Synopsis

This R markdown file showcases the five data importing exercises I performed for my week 2 Assignment. It consists of importing the following 3 data sets: 1.Artificial Reddit user data 2.HUD data regarding 2017 fair market rent 3.Average daily temperatures for Cincinnati dating back to 1995

Packages Required

Following packages were used to perform the exercise:

library("readr")   # Read functions to import csv and xls file
library("xlsx")    # Helps read data from Excel
library("readxl")  # Read Excel files
library("gdata")   # Pull Data from url excel file
library("XML")     # Identifies file links using getHTMLLinks function
library("stringr") # Detect patterns in String
library("DT")      # To format data tables

Importing Exercise

For each exercise

  1. I imported the data.
  2. Saved it as a data frame.
  3. Displayed the first few rows of the data frame using head()
  4. Then displayed the structure its using str()

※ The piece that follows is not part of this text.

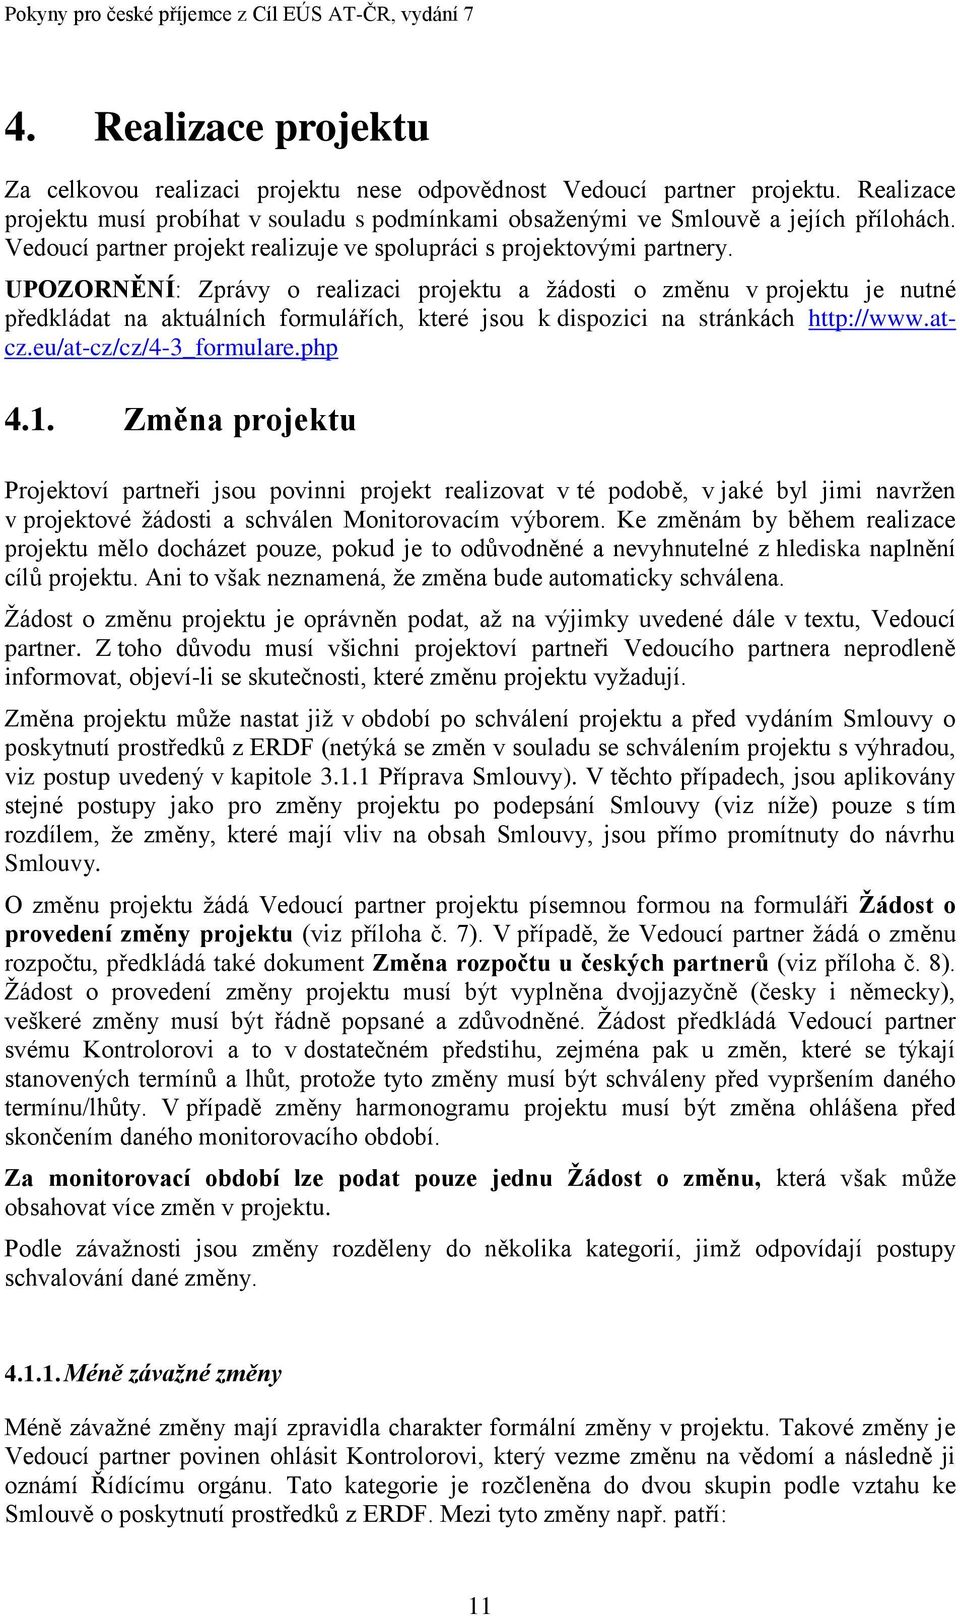 UPOZORNĚNÍ: Zprávy o realizaci projektu a žádosti o změnu v projektu je nutné předkládat na aktuálních formulářích, které jsou k dispozici na stránkách http://www.atcz.eu/at-cz/cz/4-3_formulare.php 4.

The respective R code and the outputs for each problem has been included below:

1. Download & import the csv file located at: https://bradleyboehmke.github.io/public/data/reddit.csv

MyReddit <- read.csv("reddit.csv")
datatable(head(MyReddit))
str(MyReddit);
## 'data.frame':    32754 obs. of  14 variables:
##  $ id               : int  1 2 3 4 5 6 7 8 9 10 ...
##  $ gender           : int  0 0 1 0 1 0 0 0 0 0 ...
##  $ age.range        : Factor w/ 7 levels "18-24","25-34",..: 2 2 1 2 2 2 2 1 3 2 ...
##  $ marital.status   : Factor w/ 6 levels "Engaged","Forever Alone",..: NA NA NA NA NA 4 3 4 4 3 ...
##  $ employment.status: Factor w/ 6 levels "Employed full time",..: 1 1 2 2 1 1 1 4 1 2 ...
##  $ military.service : Factor w/ 2 levels "No","Yes": NA NA NA NA NA 1 1 1 1 1 ...
##  $ children         : Factor w/ 2 levels "No","Yes": 1 1 1 1 1 1 1 1 1 1 ...
##  $ education        : Factor w/ 7 levels "Associate degree",..: 2 2 5 2 2 2 5 2 2 5 ...
##  $ country          : Factor w/ 439 levels " Canada"," Canada eh",..: 394 394 394 394 394 394 125 394 394 125 ...
##  $ state            : Factor w/ 53 levels "","Alabama","Alaska",..: 33 33 48 33 6 33 1 6 33 1 ...
##  $ income.range     : Factor w/ 8 levels "$100,000 - $149,999",..: 2 2 8 2 7 2 NA 7 2 7 ...
##  $ fav.reddit       : Factor w/ 1834 levels "","'home' page (or front page if you prefer)",..: 720 691 1511 1528 188 691 1318 571 1629 1 ...
##  $ dog.cat          : Factor w/ 3 levels "I like cats.",..: NA NA NA NA NA 2 2 2 1 1 ...
##  $ cheese           : Factor w/ 11 levels "American","Brie",..: NA NA NA NA NA 3 3 1 10 7 ...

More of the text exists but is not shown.